Bagging, short for Bootstrap Aggregating, is an ensemble learning technique designed to improve the stability and accuracy of machine learning algorithms. It works by:

  1. Generating Multiple Datasets: It creates multiple subsets of the original training data through bootstrapping, which involves random sampling with replacement. This means that some observations may appear multiple times in a subset while others may not appear at all.

  2. Training Multiple Models: For each of these subsets, a separate model is trained. This can be any model, but decision trees are commonly used because they are prone to overfitting.

  3. Aggregating Results: Once all the models are trained, their predictions are aggregated to produce a final output. For classification tasks, the most common approach is to take a majority vote, while for regression, the average of the predictions is used.

What are Random Forests?

Random Forests is a specific implementation of Bagging that employs decision trees as the base learner. It adds an extra layer of randomness during the training process:

  1. Random Subset of Features: When constructing each decision tree, Random Forests selects a random subset of features for splitting at each node. This further decorrelates the trees and enhances the model's robustness.
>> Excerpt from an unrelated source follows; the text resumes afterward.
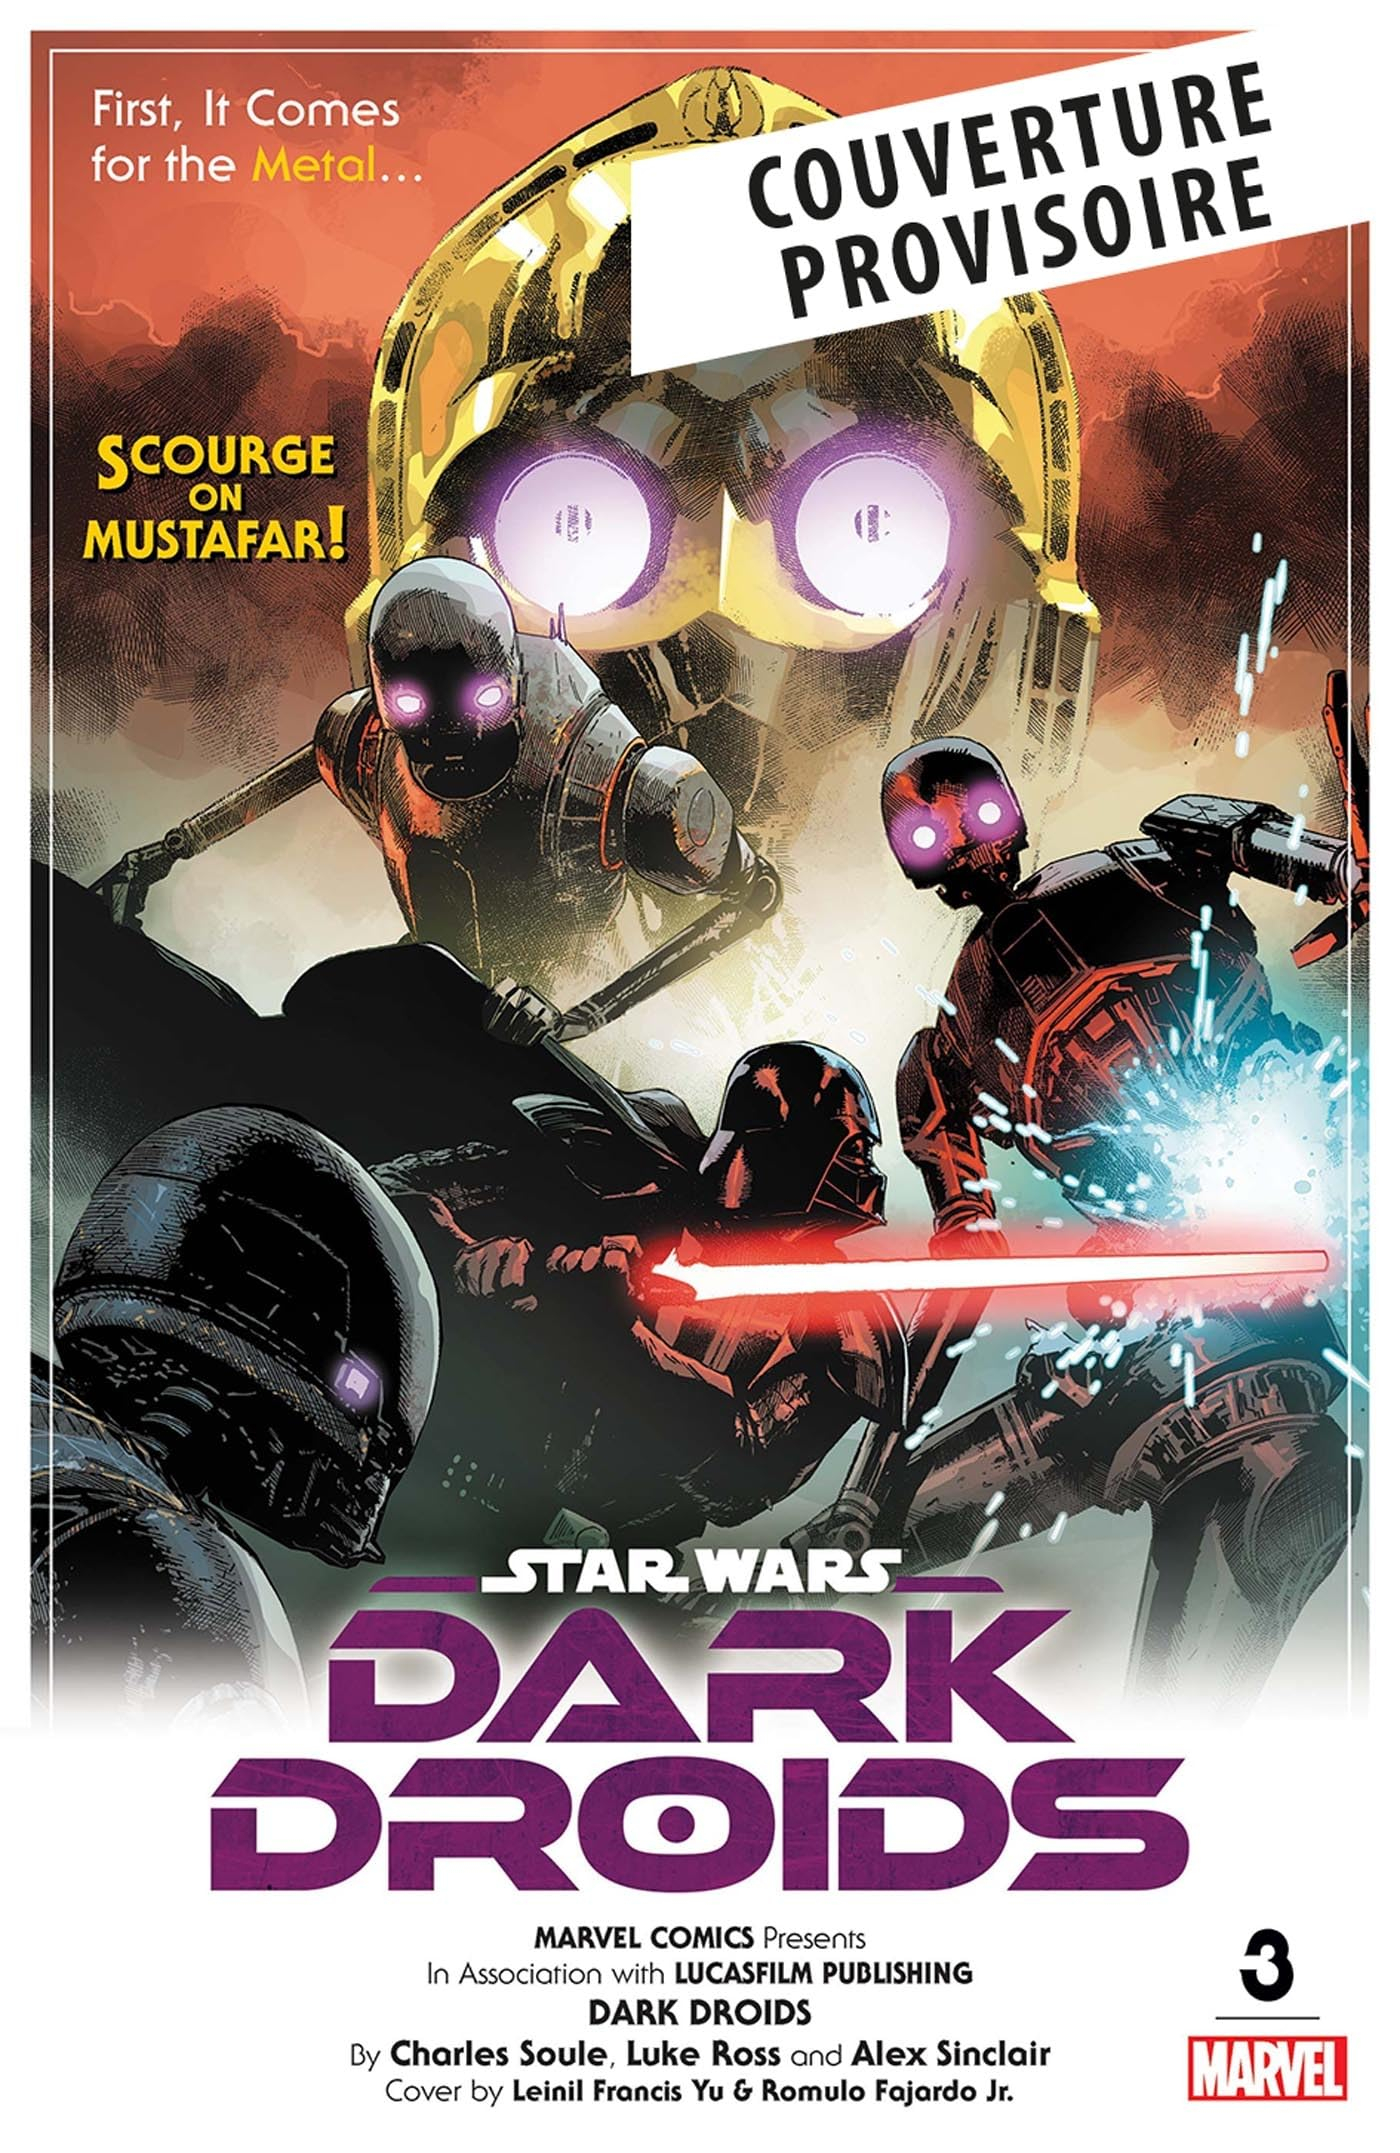 Star Wars : Dark Droids. Vol. 2. Executor extirpatus

  2. Aggregation: Just like in standard Bagging, Random Forests combine the predictions of all the individual trees to make a final prediction.

How Does Bagging Work in Random Forests?

  1. Bootstrapping: Create multiple bootstrapped datasets from the original training set.

  2. Building Trees: For each bootstrapped dataset:

    • Train a decision tree on the dataset.
    • At each node of the tree, randomly select a subset of features to determine the best split. This randomness helps ensure that the trees are less correlated with one another.
  3. Making Predictions:

    • For classification tasks, each tree in the forest votes for a class label, and the label with the majority vote is chosen as the final prediction.
    • For regression tasks, the final prediction is the average of the predictions made by all the trees.

Benefits of Random Forests

  • Reduced Overfitting: By averaging the results of many trees, Random Forests reduce the risk of overfitting that can occur with individual decision trees.
  • Robustness: The model is generally more robust to noise in the data.
  • Feature Importance: Random Forests provide insights into feature importance, helping identify which variables are most influential in predictions.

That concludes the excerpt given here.